EXERCISE GOAL:
Restate, exactly as written, the entries below from the line that holds "Oil on canvas" through the line that holds "Women's Edgar Allan". Pictures are not part of the copy.

MATERIAL FOR THIS TASK:
□ □ □ □

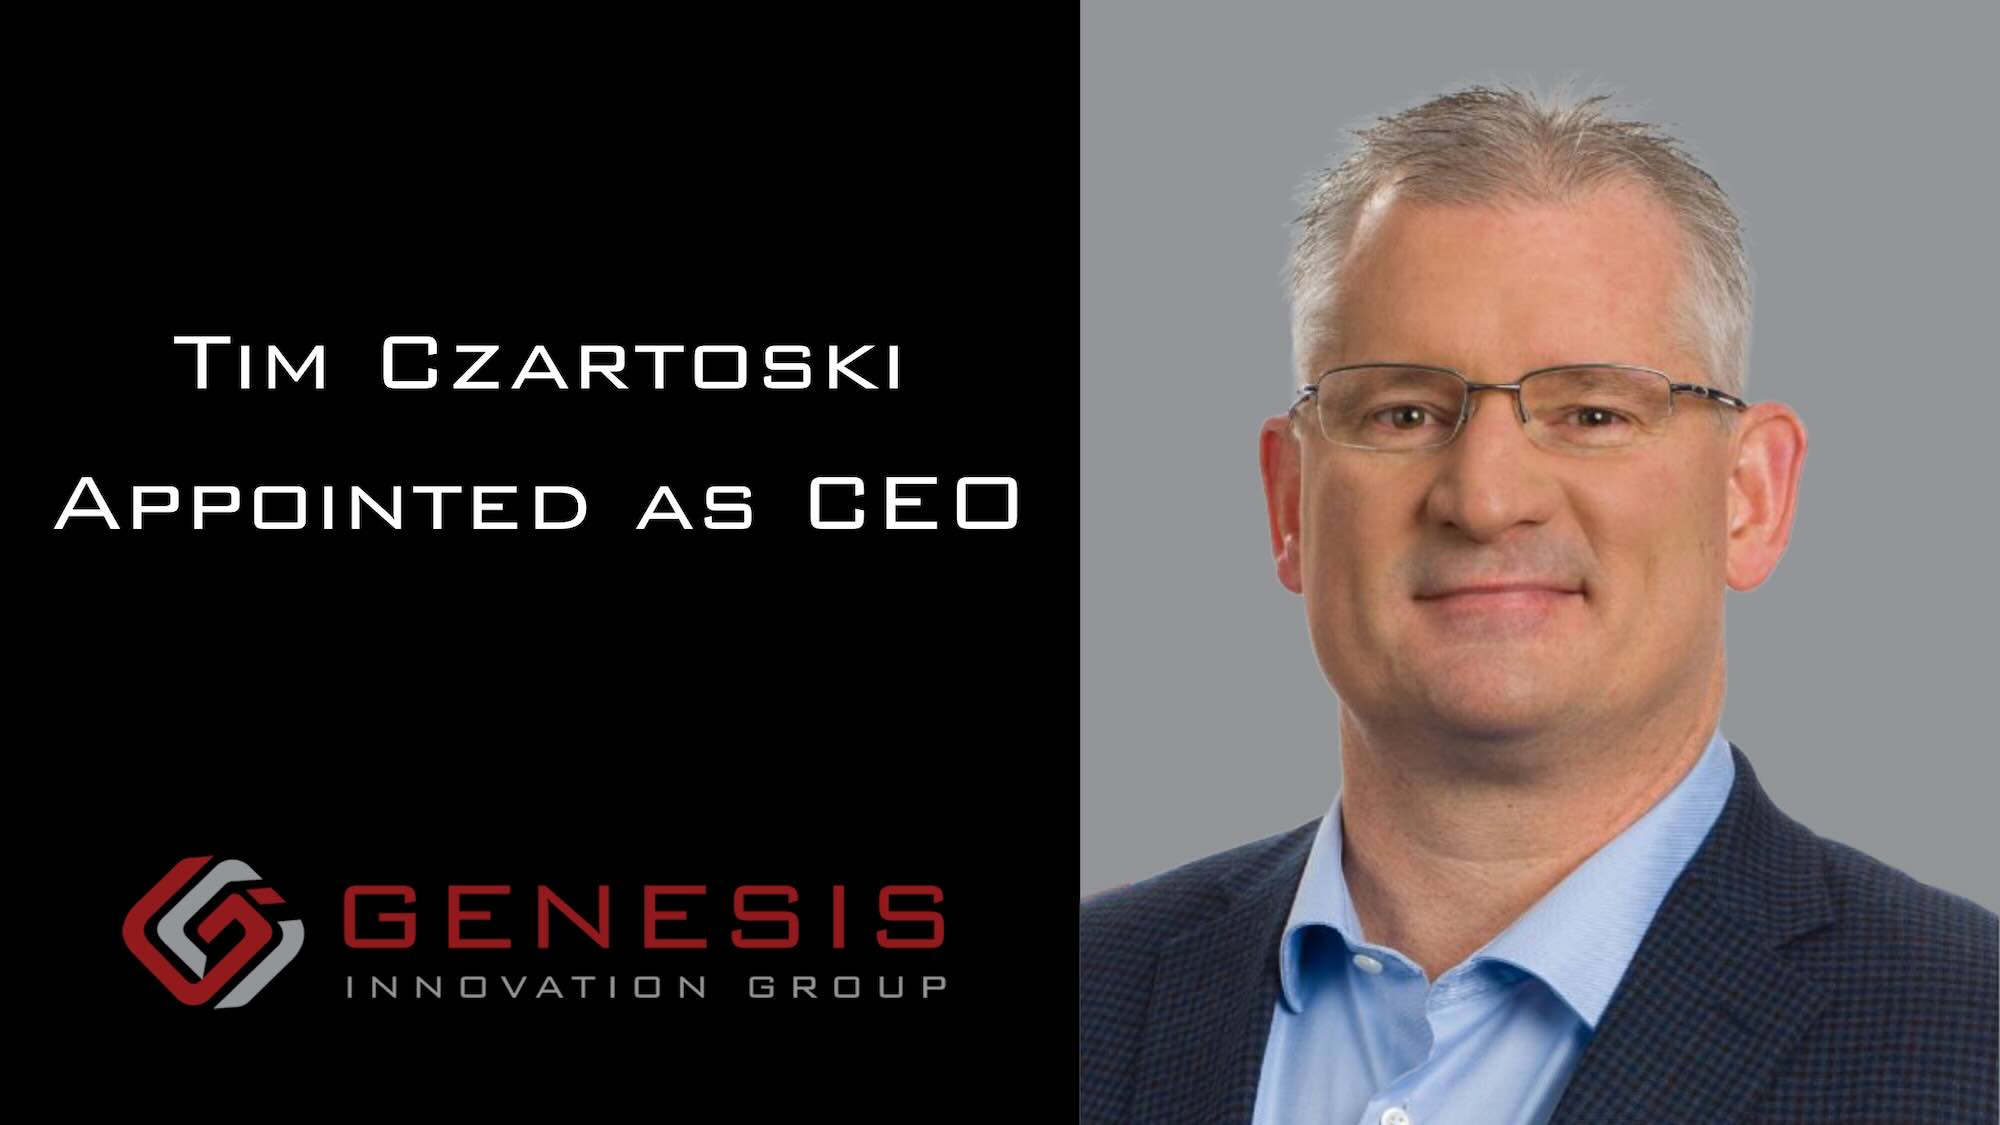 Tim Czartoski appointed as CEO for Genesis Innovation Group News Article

□ □ □ □

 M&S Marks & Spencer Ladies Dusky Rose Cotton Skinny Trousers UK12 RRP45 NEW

□ □ □ □

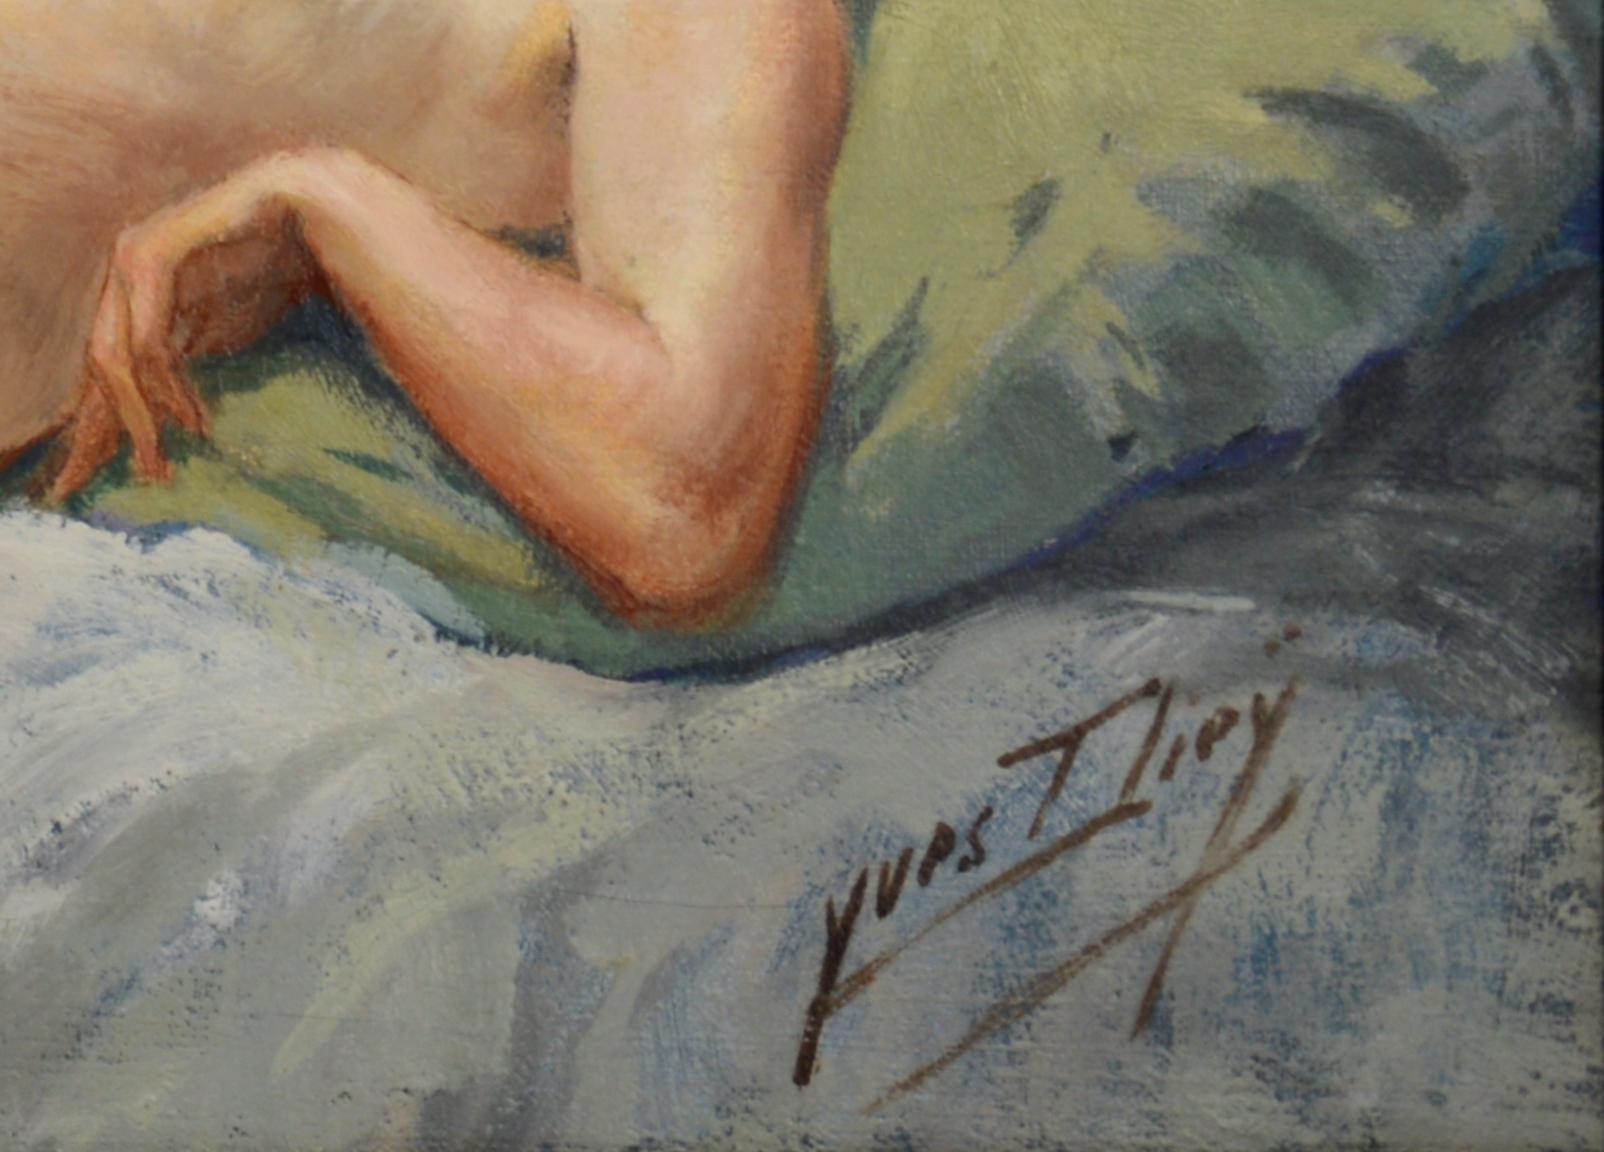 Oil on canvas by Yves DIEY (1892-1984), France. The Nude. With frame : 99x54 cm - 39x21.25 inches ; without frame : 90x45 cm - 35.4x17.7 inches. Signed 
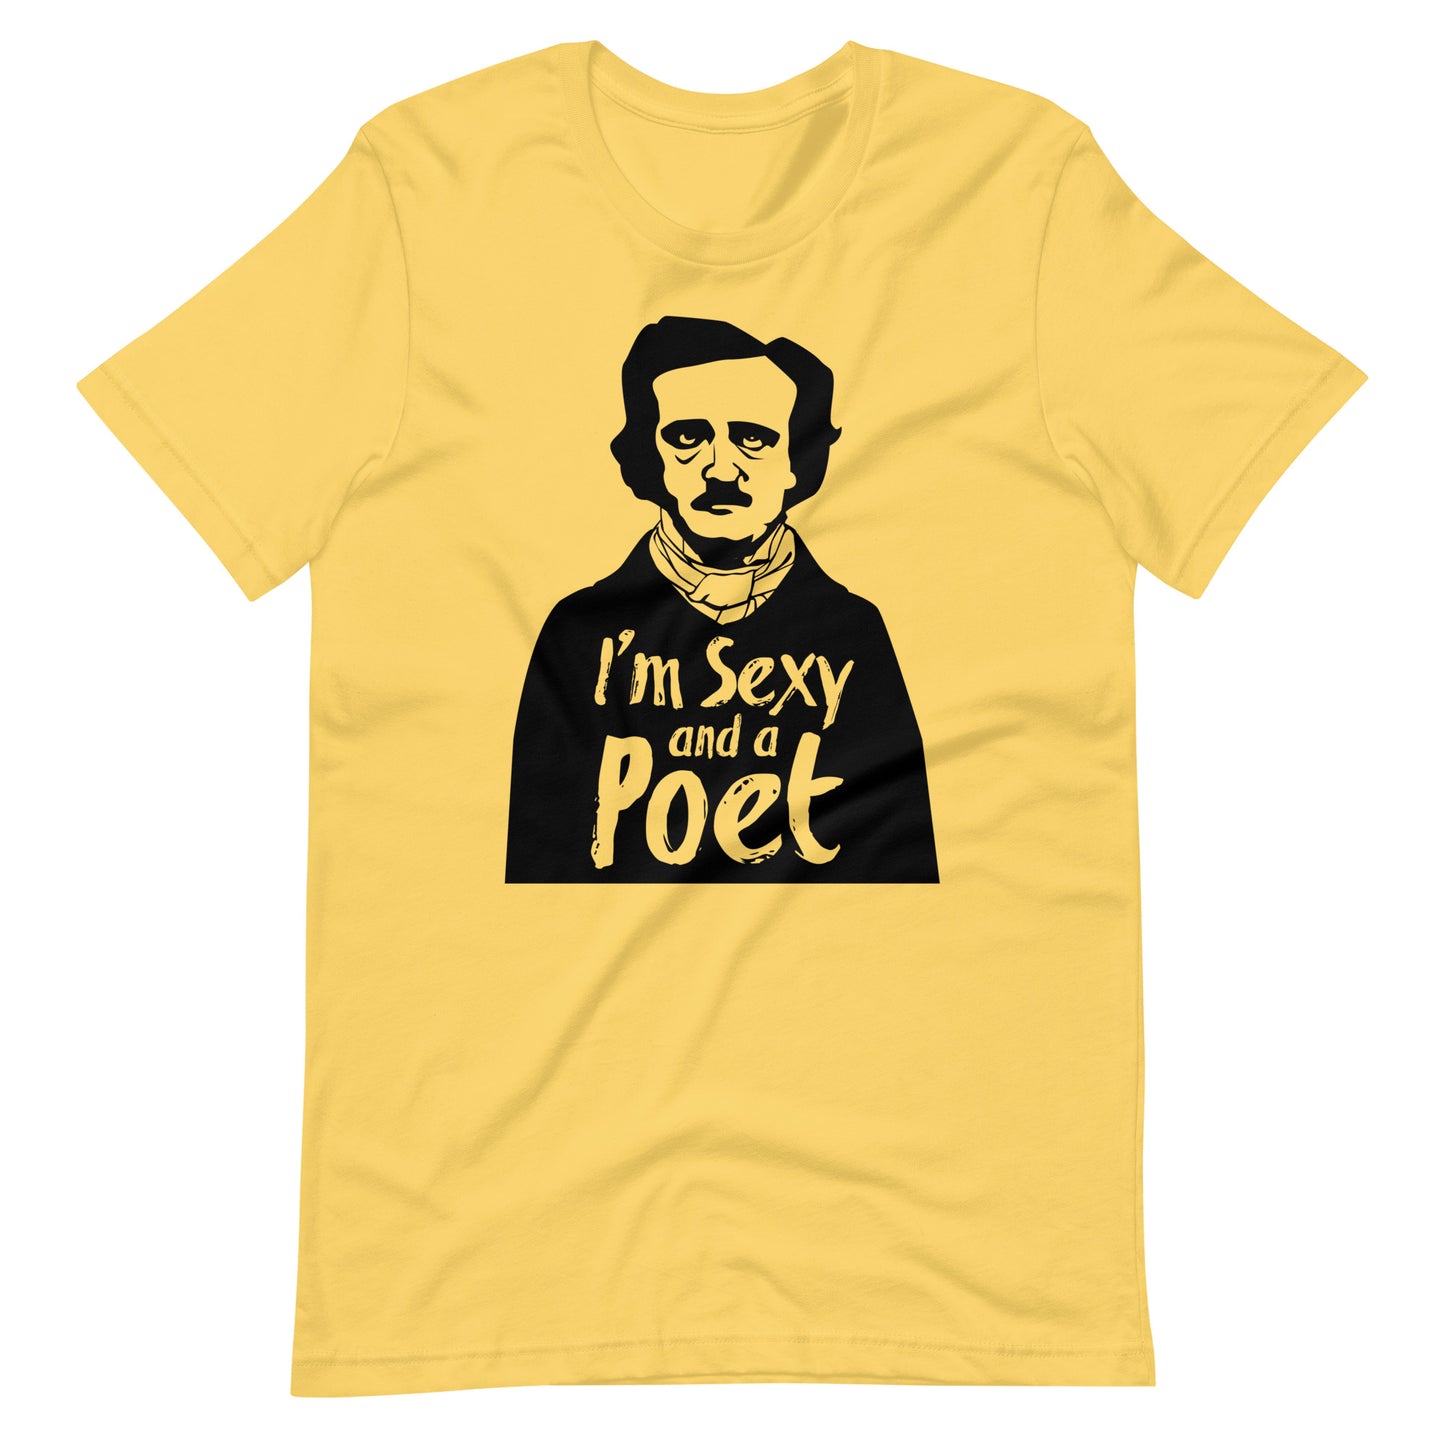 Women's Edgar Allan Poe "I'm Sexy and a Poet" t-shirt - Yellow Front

□ □ □ □

SOLUTION:
 Oil on canvas by Yves DIEY (1892-1984), France. The Nude. With frame : 99x54 cm - 39x21.25 inches ; without frame : 90x45 cm - 35.4x17.7 inches. Signed 
 Women's Edgar Allan Poe "I'm Sexy and a Poet" t-shirt - Yellow Front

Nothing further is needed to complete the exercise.